MATERIAL PROVIDED ▸
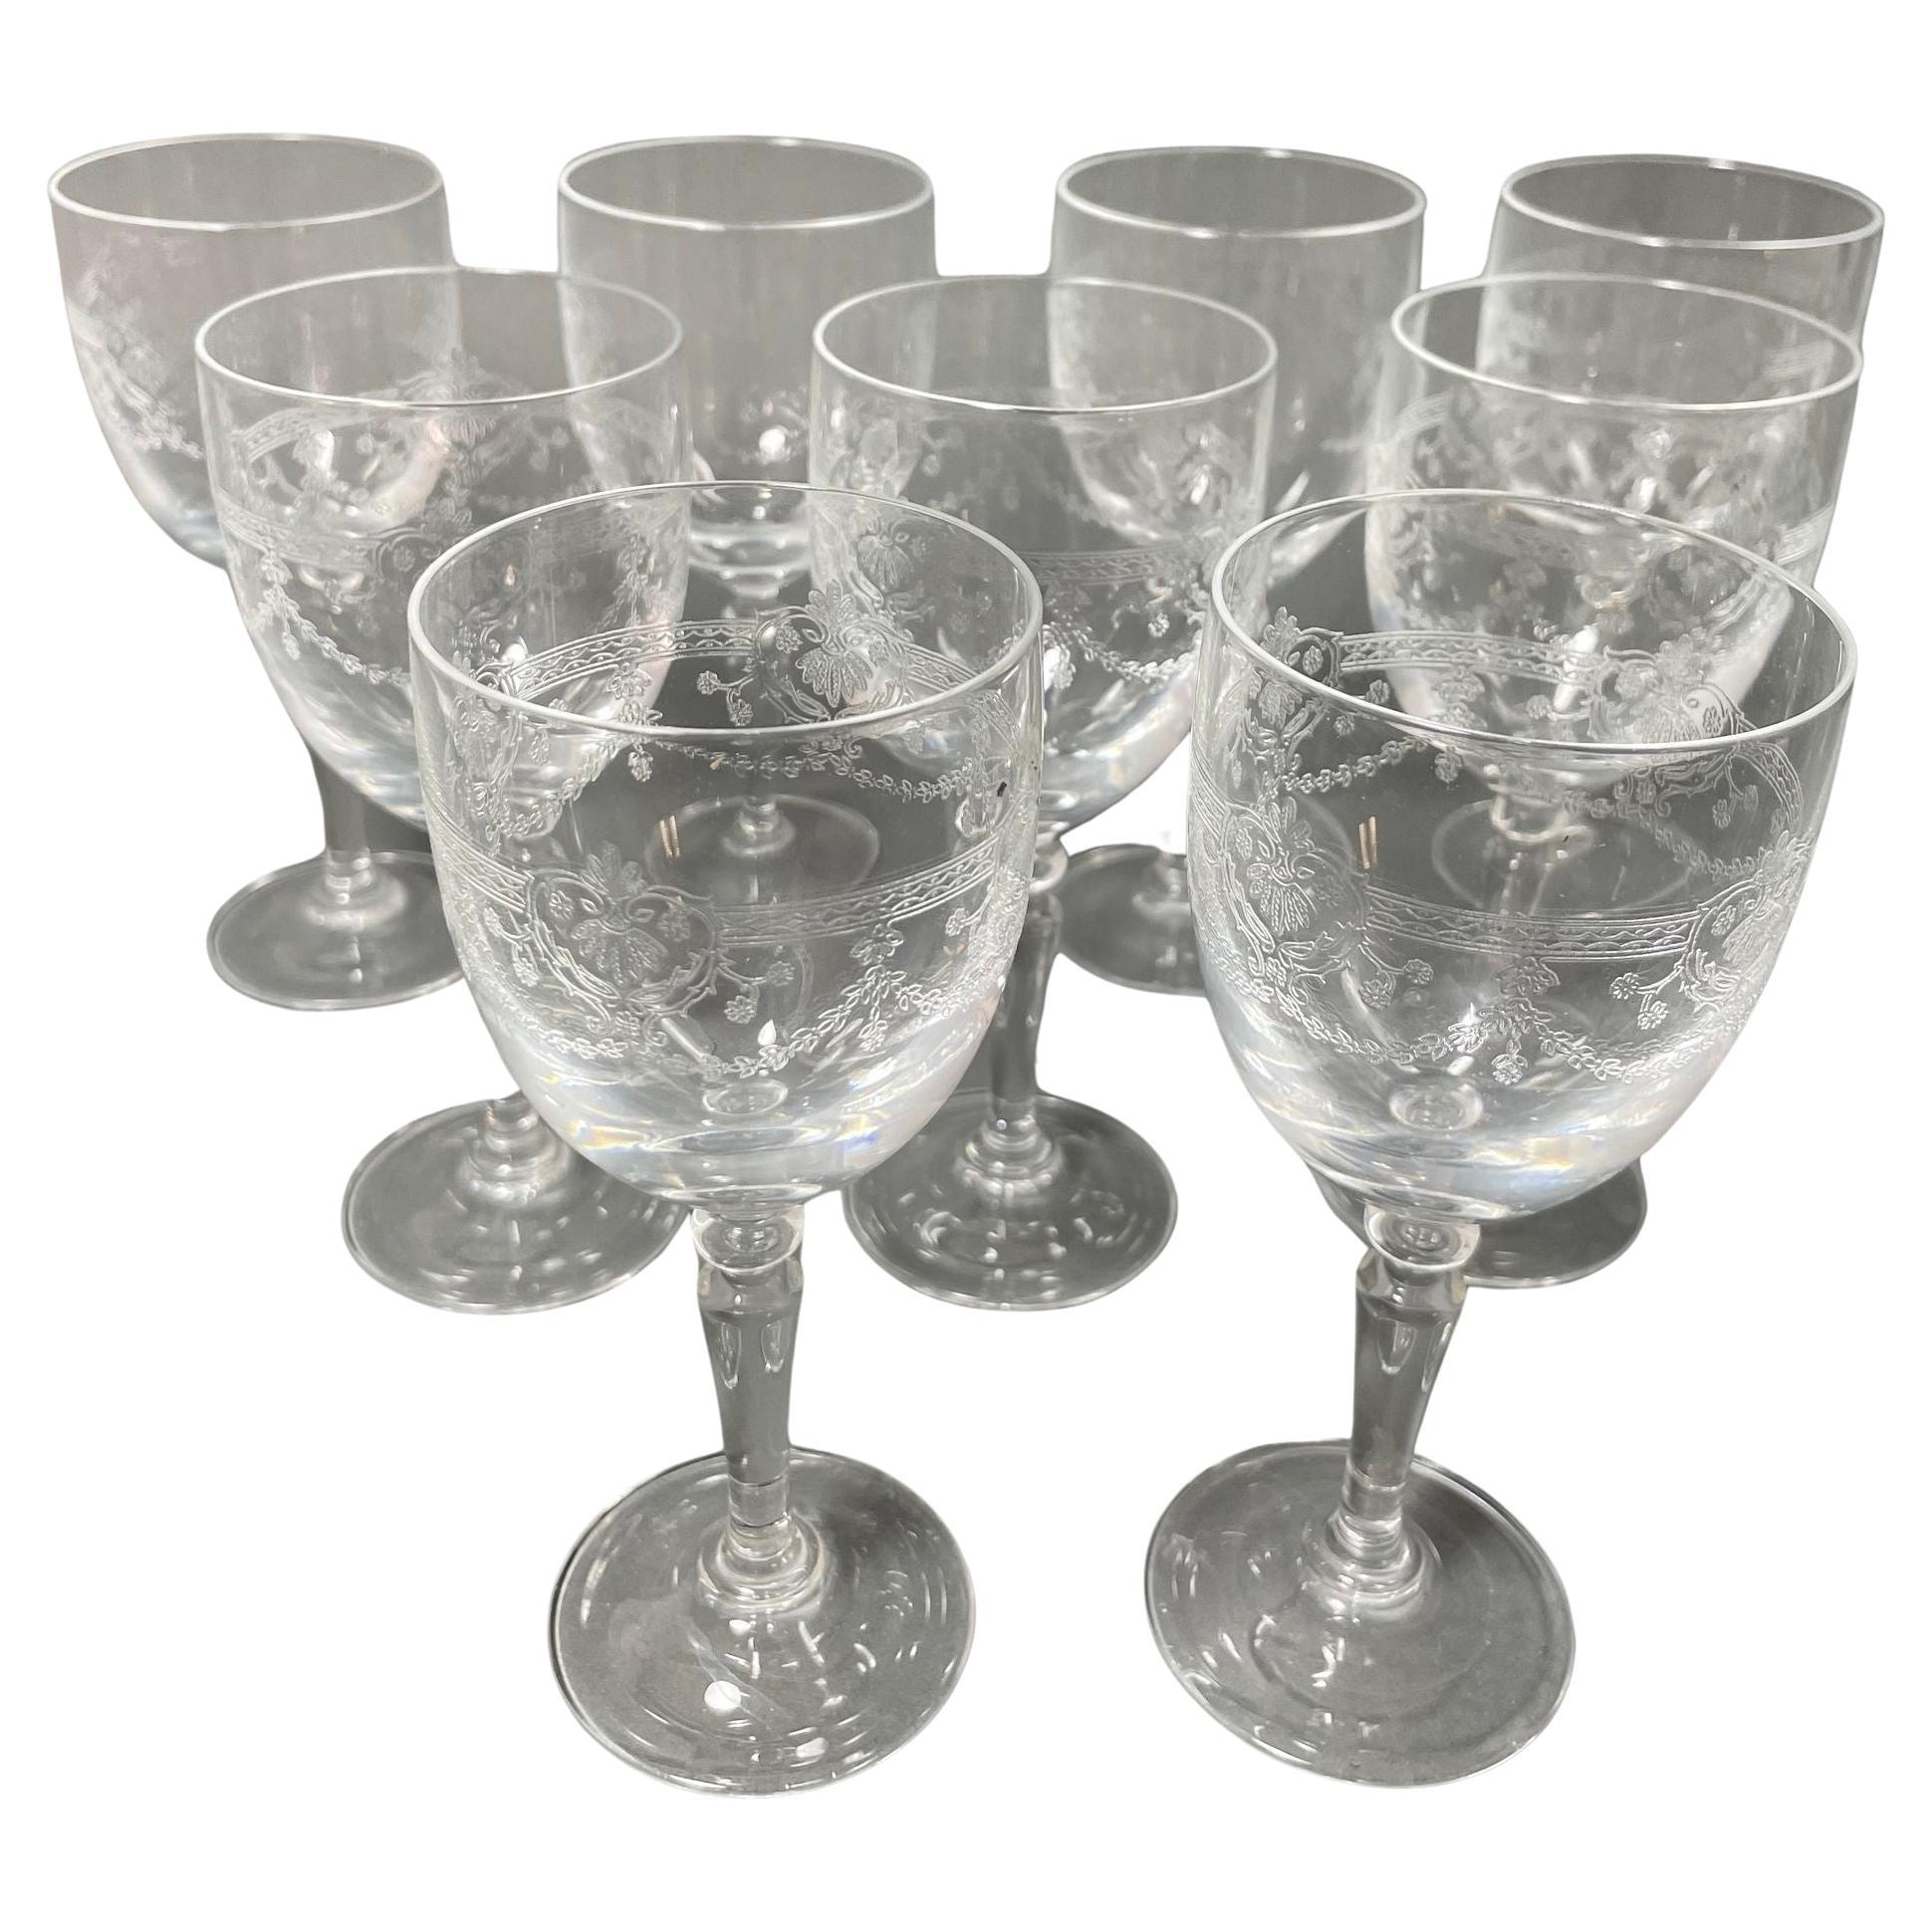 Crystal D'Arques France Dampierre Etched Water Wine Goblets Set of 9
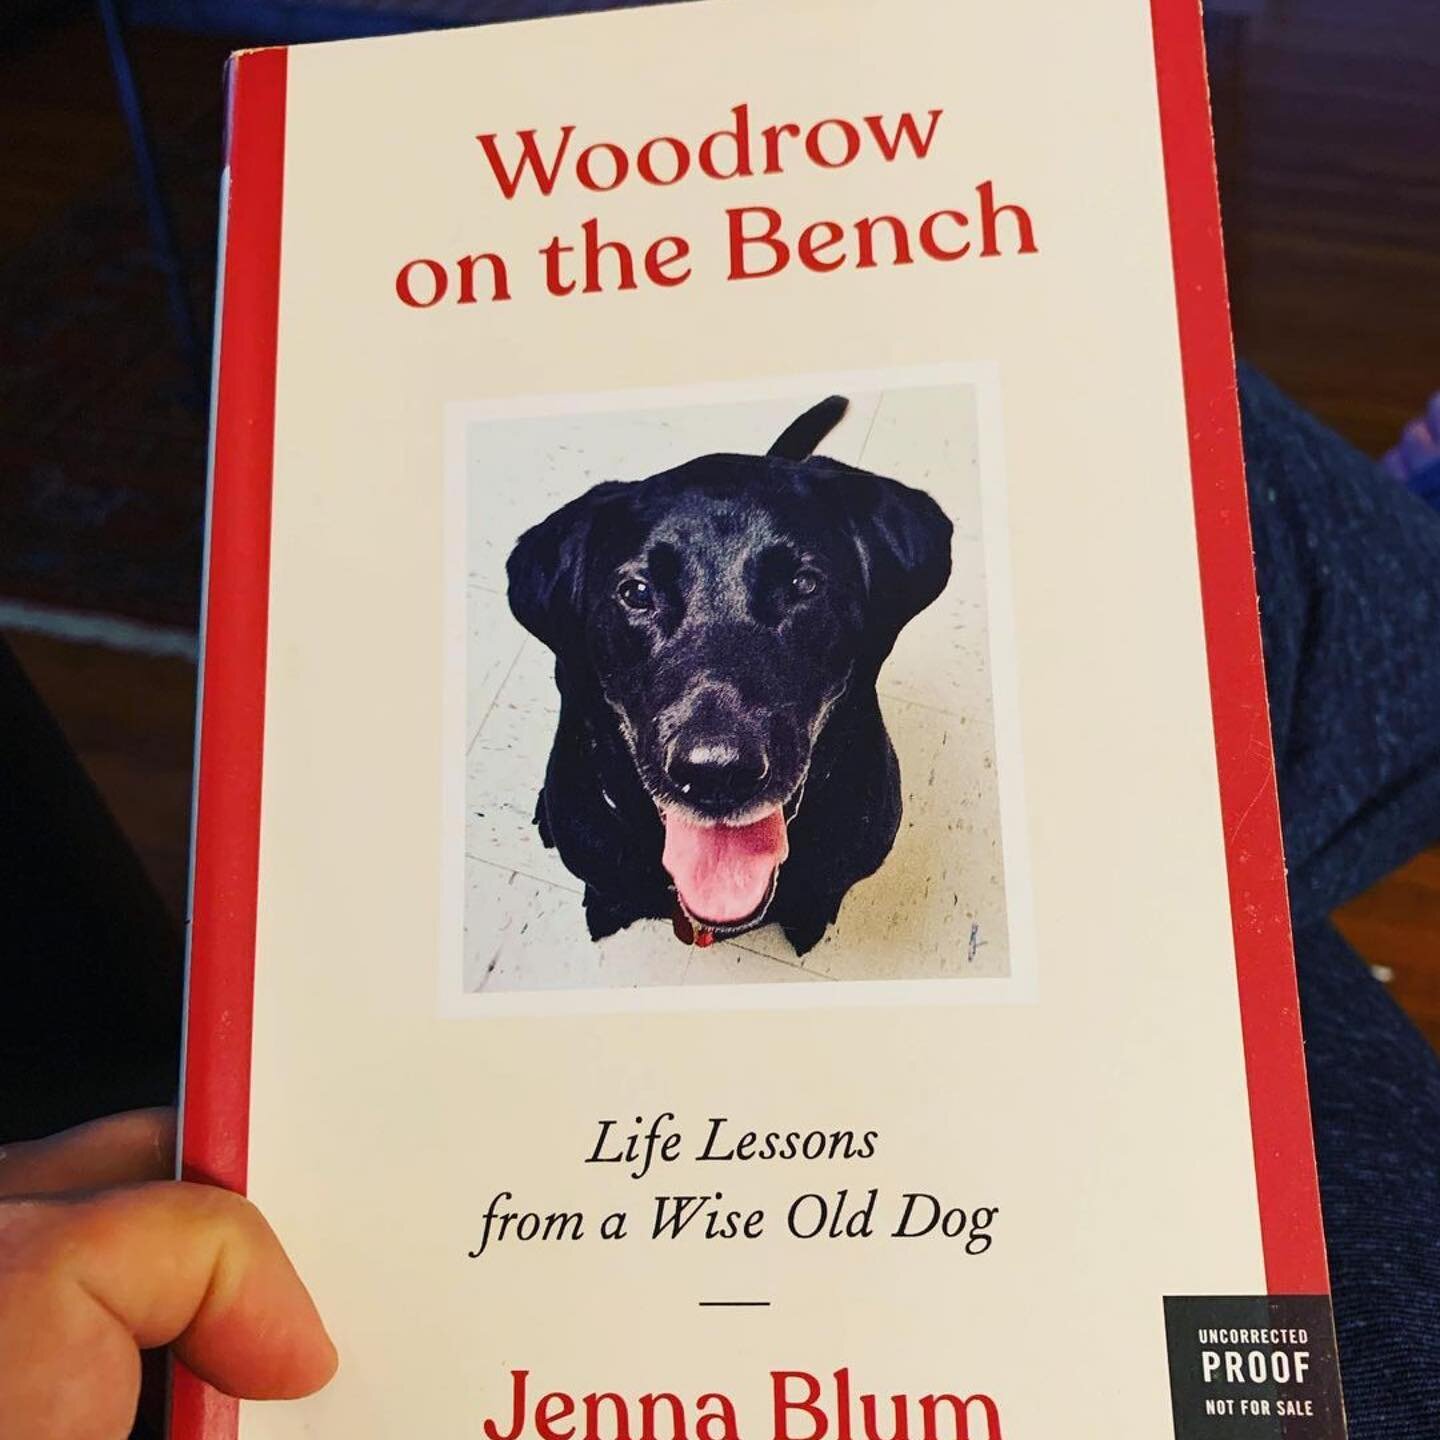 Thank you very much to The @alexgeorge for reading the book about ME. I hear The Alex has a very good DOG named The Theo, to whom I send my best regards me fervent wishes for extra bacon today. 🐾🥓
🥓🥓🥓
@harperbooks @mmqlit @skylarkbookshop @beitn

REQUIREMENT ▸ What is needed is the data above, retyped exactly, with every picture left out.

WRITTEN RESPONSE ▸
 Crystal D'Arques France Dampierre Etched Water Wine Goblets Set of 9
 Thank you very much to The @alexgeorge for reading the book about ME. I hear The Alex has a very good DOG named The Theo, to whom I send my best regards me fervent wishes for extra bacon today. 🐾🥓
🥓🥓🥓
@harperbooks @mmqlit @skylarkbookshop @beitn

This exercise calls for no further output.